QR decomposition on regression

I am reading this nice post on QR decomposition on regression.

I wonder the reason for the observations under “The Importance of Centering Covariates” – the posterior on \tilde{\beta} is still quite correlated without the centering. Is it about the design matrix [1,Q]?

Following the setup of the original post, I did

N <- 5000
x <- rnorm(N, 10, 1)
X <- data.matrix(data.frame(x, x * x))

Q <- qr.Q(qr(X)) 
design <- cbind(1, Q)

t(design) %*% design

and get

            [,1]          [,2]          [,3]
[1,] 5000.000000 -7.036359e+01 -6.931542e+00
[2,]  -70.363587  1.000000e+00 -9.419006e-18
[3,]   -6.931542 -9.419006e-18  1.000000e+00

which looks reasonably okay to me. I am curious what would be the root cause for the strong correlated posterior.

Then I actually tried

cov2cor(solve(t(design) %*% design))

and get

          [,1]      [,2]      [,3]
[1,] 1.0000000 0.9999072 0.9905672
[2,] 0.9999072 1.0000000 0.9904752
[3,] 0.9905672 0.9904752 1.0000000

which does indicate the posterior would strongly correlate. But I don’t think I fully understand the reason. Some discussion will be very helpful.

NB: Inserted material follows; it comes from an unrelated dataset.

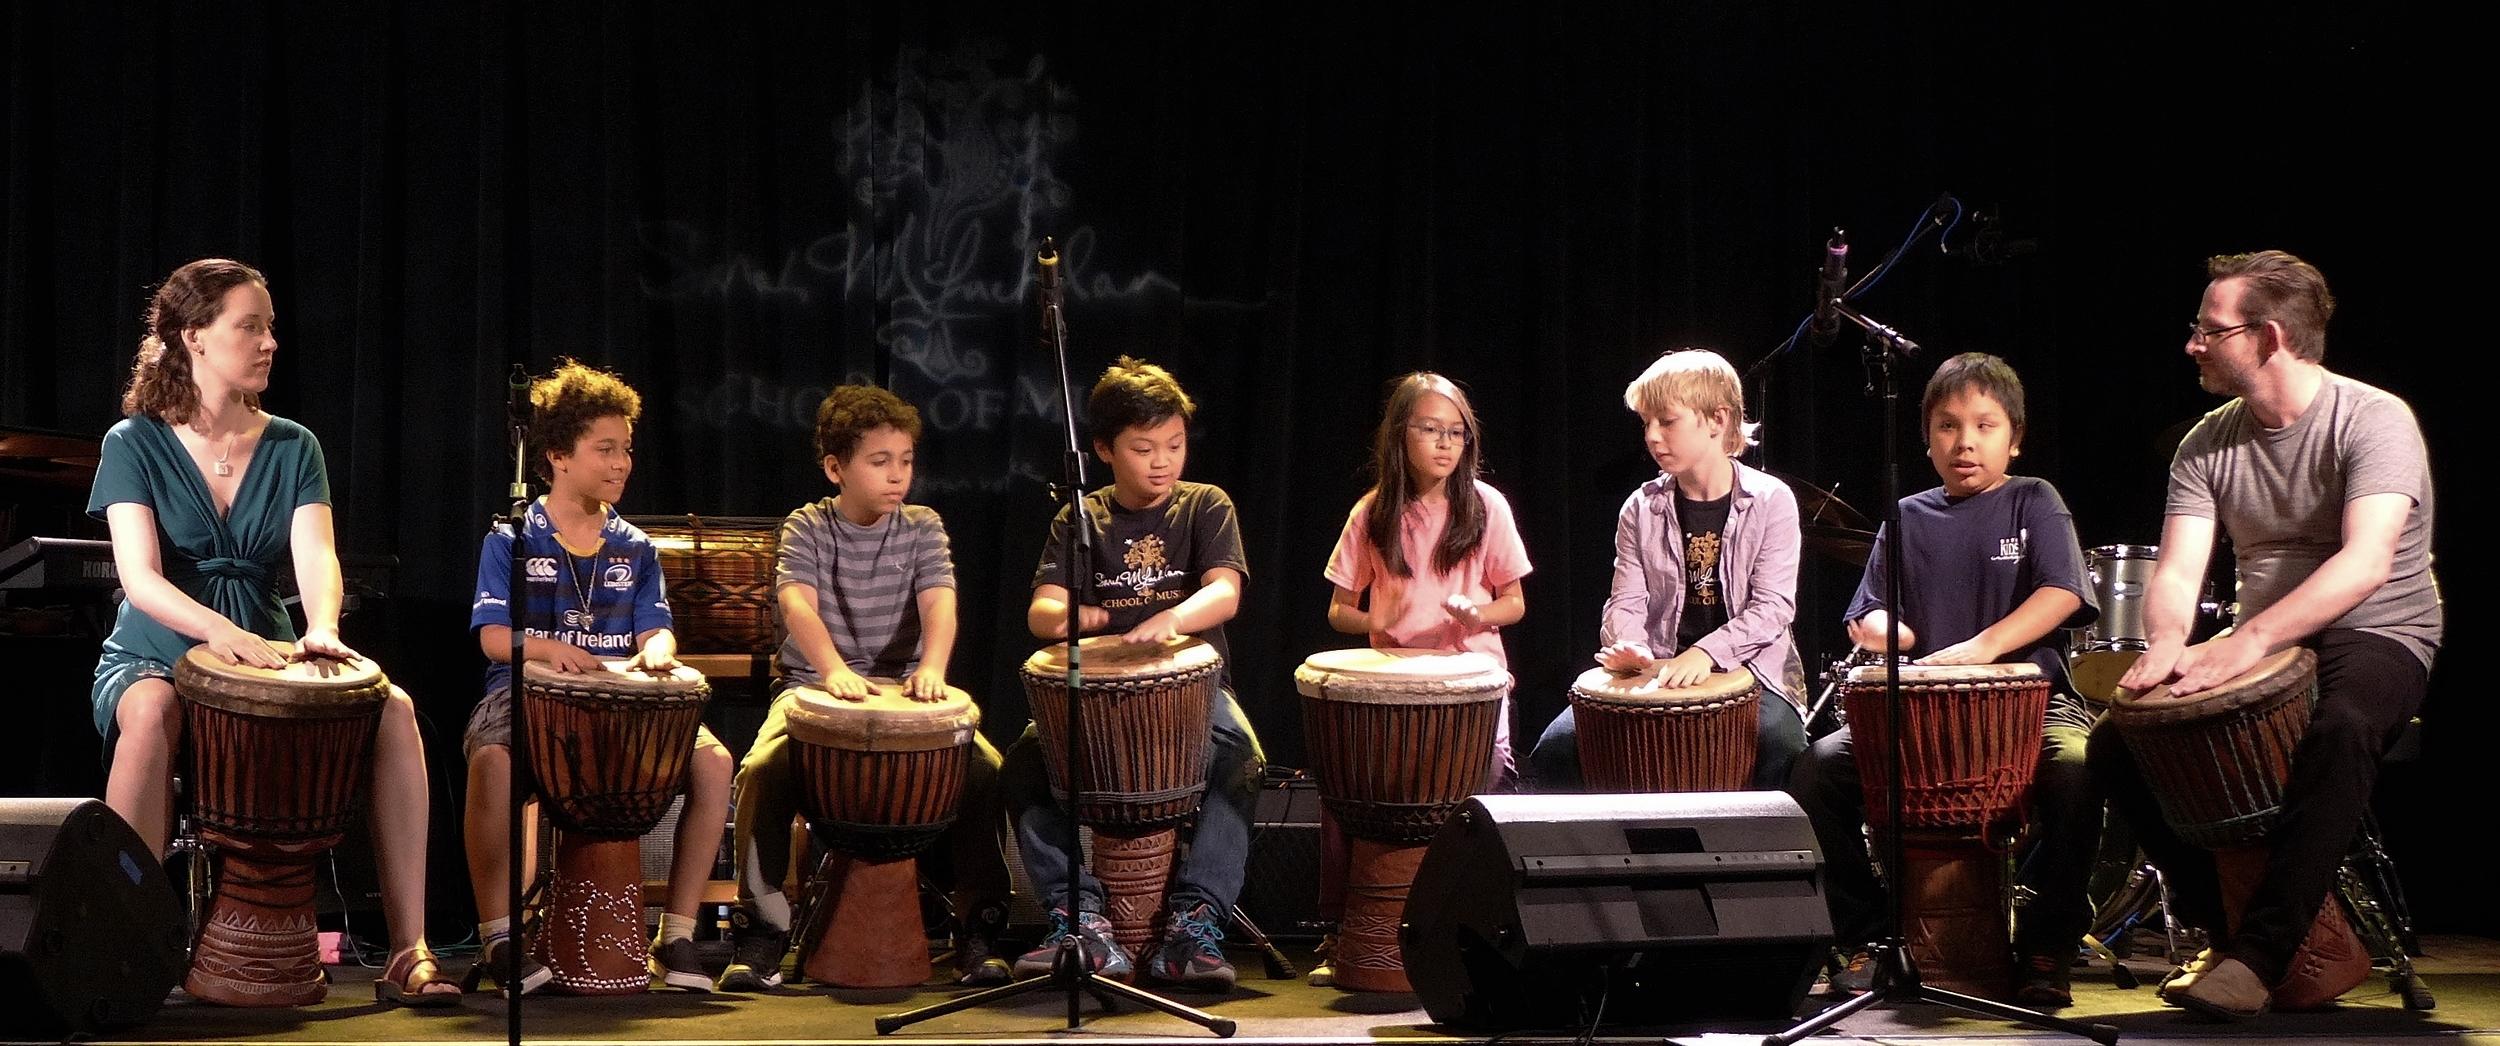 percussion1.jpeg

@bgoodri and @betanalpha were also discussing related to this in QR Regression Questions.

1 Like

The direct reason would be that Q[, 1] and Q[, 2] still exhibit a strong correlation, (although the dot product is 0). And when the intercept is included after the QR decomposition, coefficients corresponding to Q[, 1] and Q[, 2] will still be weakly identifiable.

1 Like

sorry for not getting to you earlier. It is not clear to me whether your last post means that you managed to resolve the inquiry or if you would still find some more discussion helpful…

Good luck with your journey in stats!